Not enough praise can be heaped on Tony Award winner Julie Taymor, whose overall vision has shaped the popular animated feature into a tour de force of Bunraku puppetry and African masks. The genius lies in Taymor's ability to reconcile Elton John and Tim Rice's modern American pop songs, which blend seamlessly with Lebo M's traditional African chants and rhythms, and to find a way for the three-dimensional actualizations of Disney cartoon characters Timon (Damian Baldet) and Pumbaa (Adam Kozlowski) to co-exist alongside the more abstract interpretations of Mufasa and Scar without the slightest sense of incongruity.
In addition, scenic designer Richard Hudson and lighting designer Donald Holder make good on the overworked notion of "a children's storybook come to life." The moody, atmospheric sets and lighting manage to bring a wildebeest stampede to life using a canvas scroll on rollers, or convey worlds of emotion with just the switch of a lighting gel.
And then there are the cast members themselves, whose strong performances ensure that they don't get overshadowed by the spectacle surrounding them. White brings a subtle regal elegance to his role as Mufasa, at the same time having some playful father-son moments with the young Simba (played here by Elijah Johnson, in a role alternated with Duane Ervin, and then as an adult by Clifton Oliver).

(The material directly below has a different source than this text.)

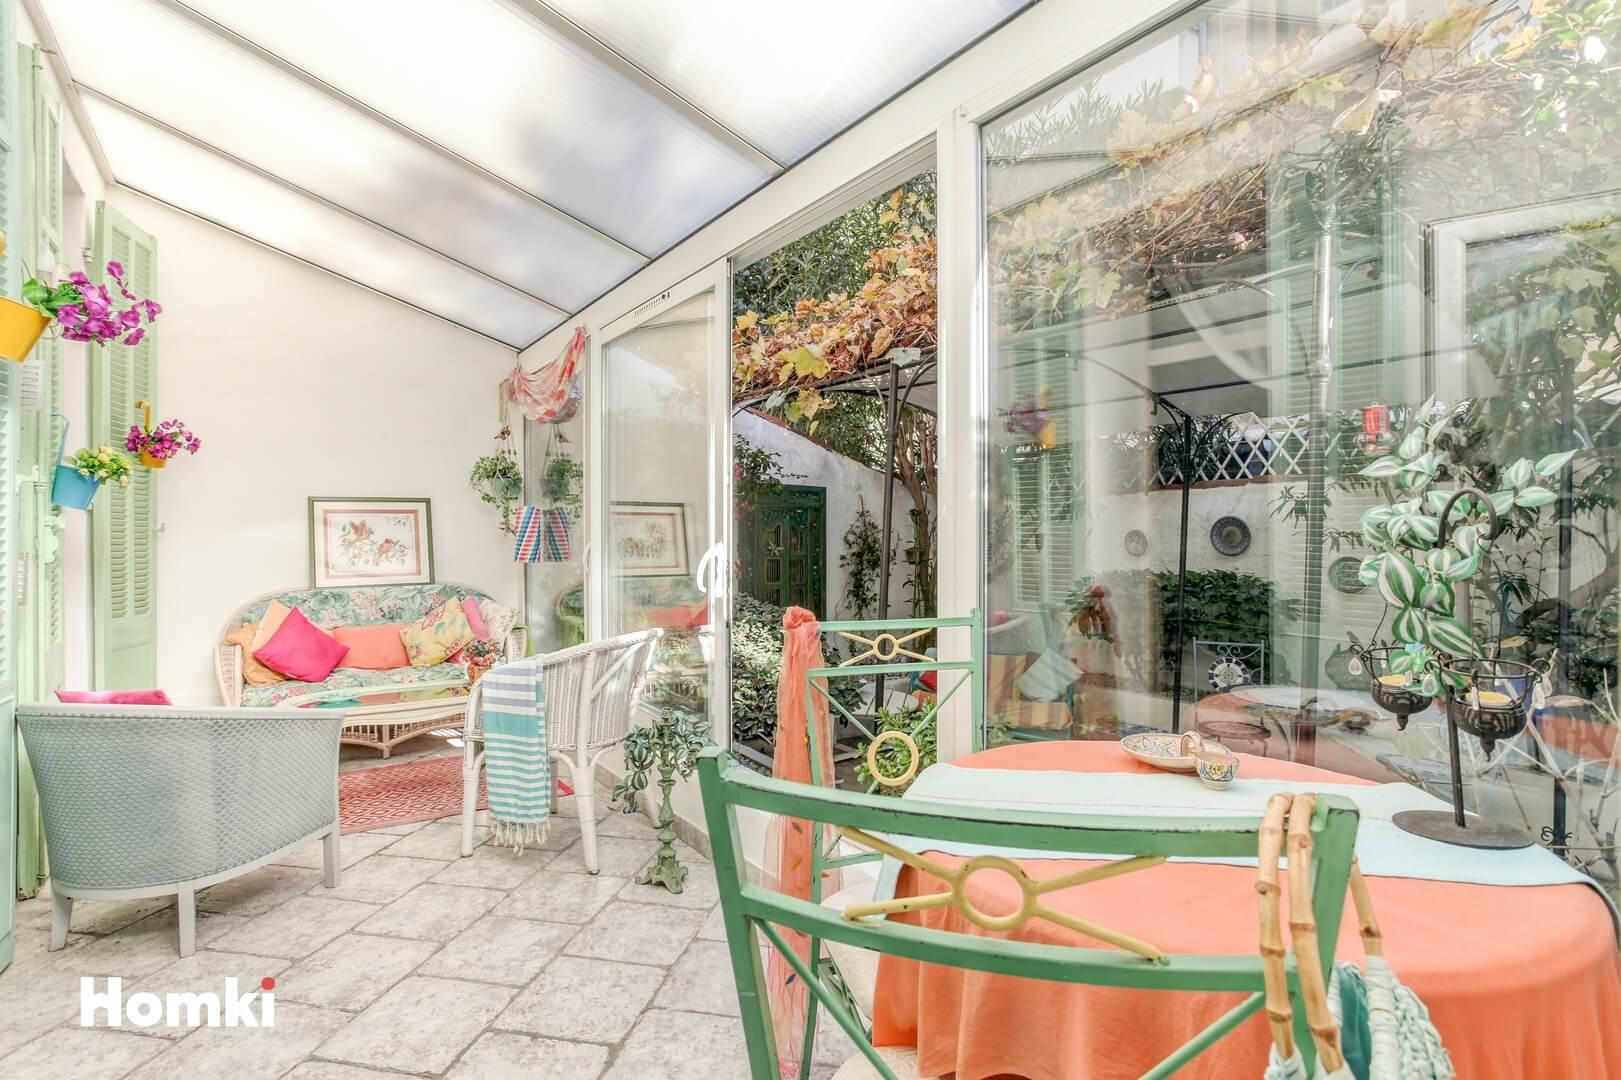 Homki - Vente Appartement  de 55.0 m² à Marseille 13007

In the supporting roles, Broadway alumna Kissy Simmons, as Simba's love interest, Nala, commands the stage during her "Shadowlands" number. As Mufasa's right-hand bird Zazu, Patrick Kerr brings great humor to his multi-layered portrayal, operating a hand puppet while clad in a butler's derby. Buyi Zama, as the wise, almost zen-like mandrill Rafiki, uses her powerful, distinctive voice to great effect. As for Sesma, his reinterpretation of Jeremy Irons' cold, steely villainy can take some getting used to. While a great heavy and a strong presence in his own right, the actor sometimes plays Scar like a cross between Bert Lahr and Paul Lynde.
More importantly, there are such show-stopping (and eye-popping) musical numbers such as "Circle of Life," "He Lives in You," and "I Just Can't Wait to Be King." In the end, there's no simply way to fight it; once you enter the world of The Lion King, you will "feel the love tonight."